Rocket Internet’s Home24 trims losses as it eyes listingâ

Rocket Internet‘s Home24 trims losses as it eyes listing​


Reuters API

German online retailer Home24, which aims to challenge IKEA’s dominance of the European furniture market, accelerated sales and trimmed losses in the fourth quarter after sources said it is considering a stock market listing.


Home24, in which e-commerce investor Rocket Internet holds a 43 percent stake, said quarterly sales rose 21 percent to 80 million euros ($98 million), picking up from a 10 percent rise in the first nine months of the year.

Its adjusted loss before interest, depreciation and amortisation (EBITDA) narrowed to 4 million euros.

Launched in 2009 in Berlin, the company delivers furniture in seven European markets, plus Brazil. It said on Monday that its Latin American region was the first to reach breakeven in the fourth quarter on an adjusted EBITDA basis.

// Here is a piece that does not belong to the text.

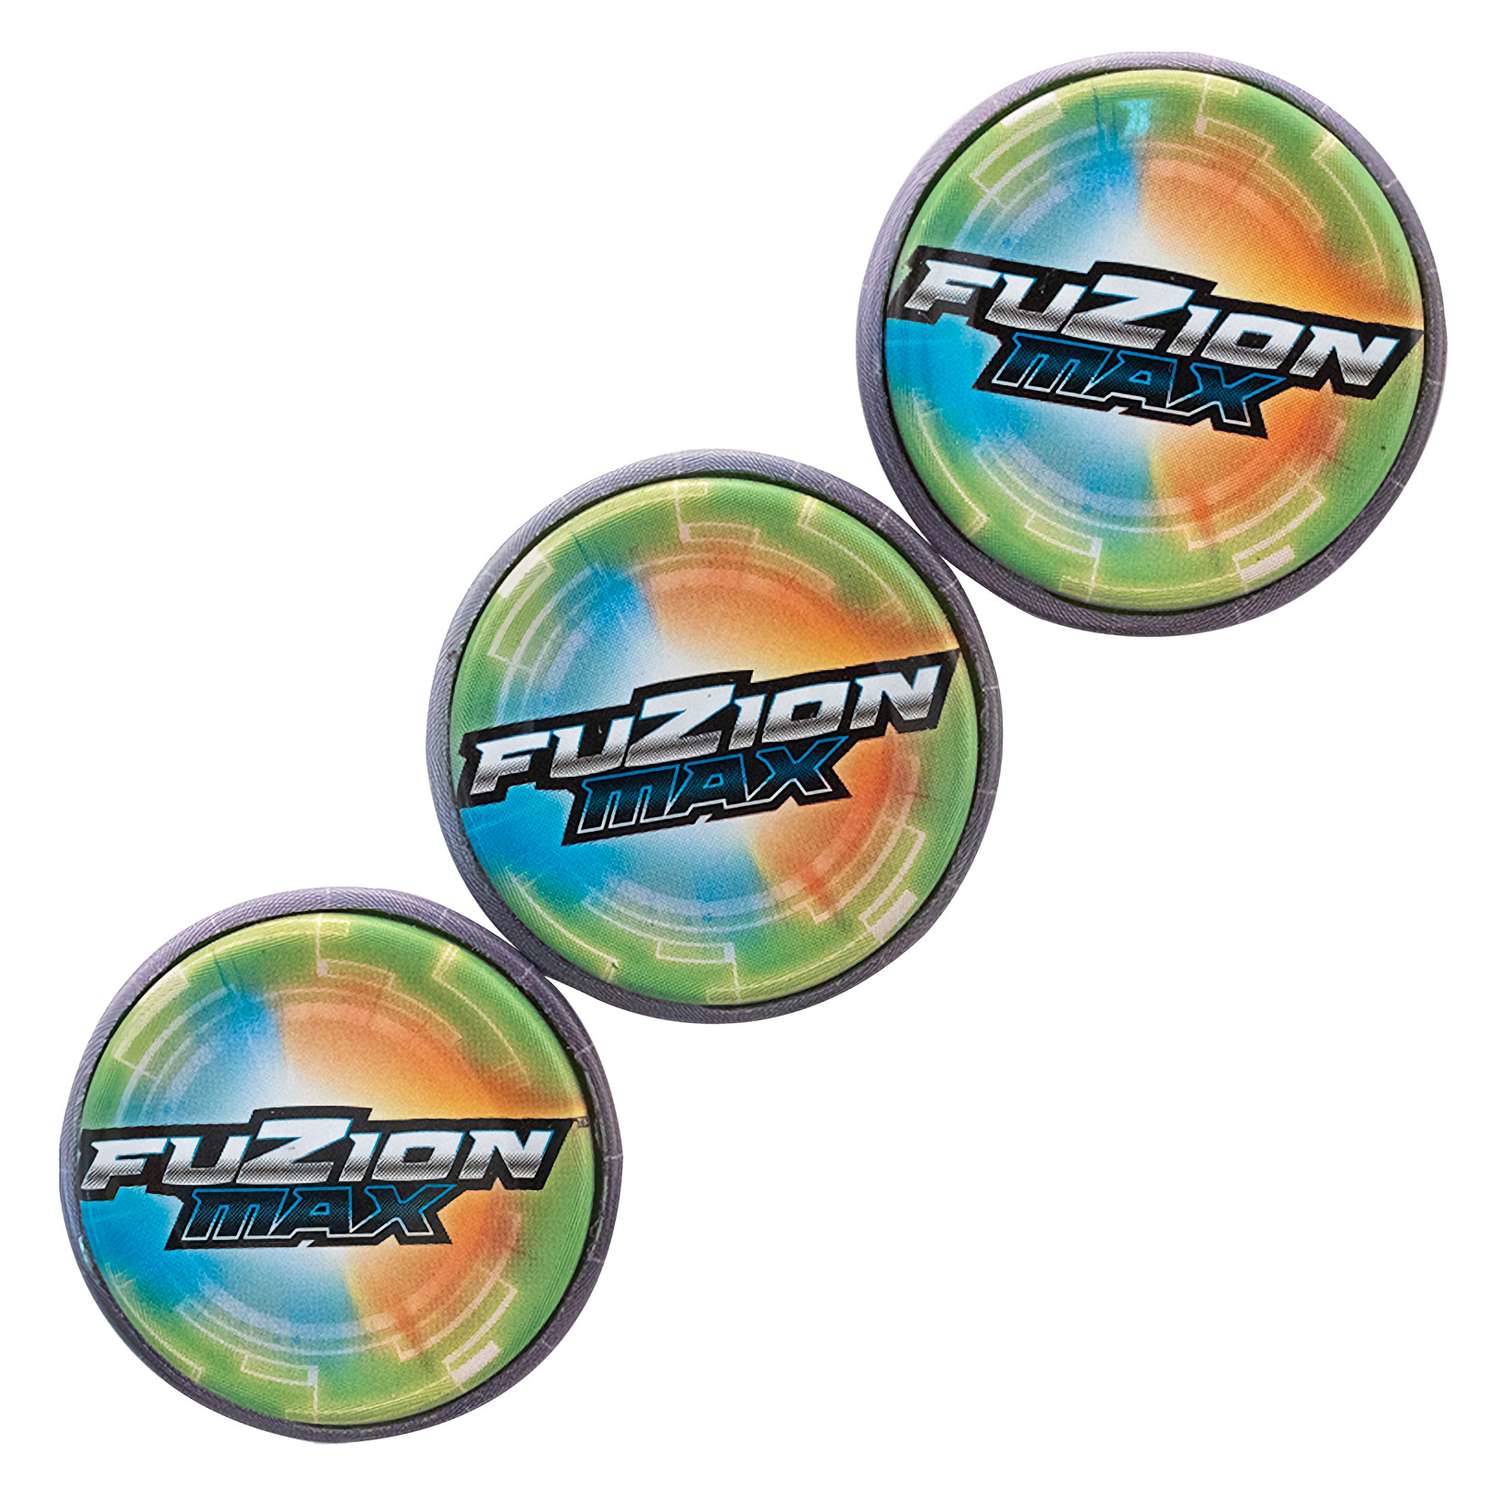 Набор игровой Fuzion Max Skyden с 3 энергочипами 54011 - фото 7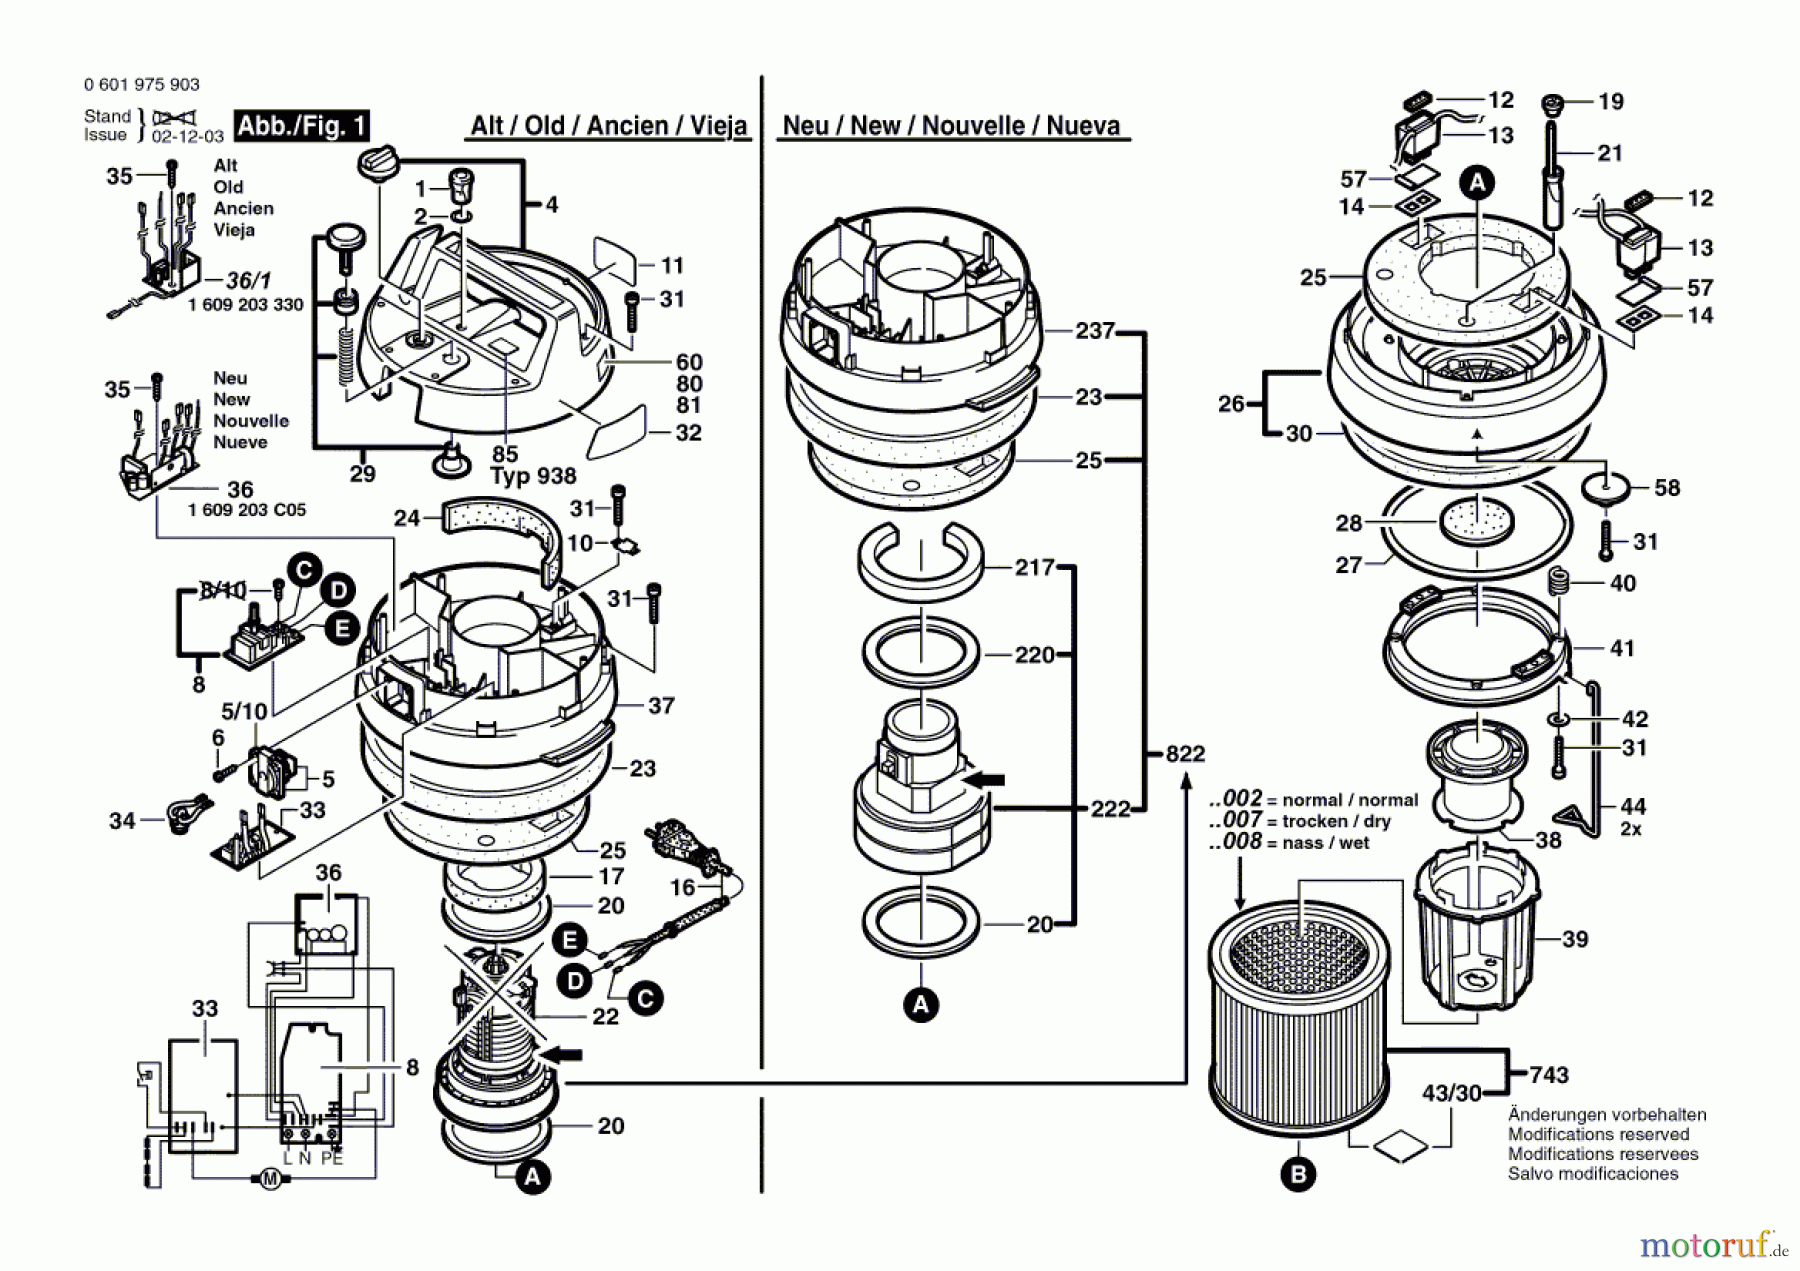  Bosch Werkzeug Allzwecksauger GAS 12-50 RF Seite 1

Home24 is expected to publish an intention to float in May or June, with the offer volume seen at 100 million-200 million euros, sources told Reuters last week, potentially valuing the company at 500 million to 600 million euros.

On a conference call with journalists, Co-Chief Executive Marc Appelhoff declined to comment on a possible initial public listing, beyond saying that the company is considering internal and external options to finance future expansion.

Shares in Rocket Internet, which have risen almost 60 percent in the last year after the successful flotations of online food sites HelloFresh and Delivery Hero, were up 1.2 percent at 0951 GMT.

“A successful IPO of Home24 at 550 million euros would be very positive for Rocket Internet and would result in a valuation upside of 1.20 euros per Rocket share,” wrote Bankhaus Lampe analyst Christoph Bast in a note.

Appelhoff said the company still has significant growth potential given that e-commerce only accounts for a small portion of the more than 100 billion euros of sales in the home furnishings market in Europe.

Home24 is concentrating for now on improving its website and customer service in its existing markets, as well as possibly opening more showrooms, rather than opening in new countries, Appelhoff said.

Furniture sales online have been relatively slow to take off compared to fashion, but big players such as IKEA are now investing heavily in e-commerce.

Appelhoff noted that Home24 offered free delivery and returns, which he said it could afford to do given its offering of more profitable own labels.

When Home24 last raised capital in 2016, its growth had stalled and its valuation was slashed by more than half to 420 million euros.

Other investors include Sweden’s Kinnevik and Edinburgh-based fund manager Baillie Gifford.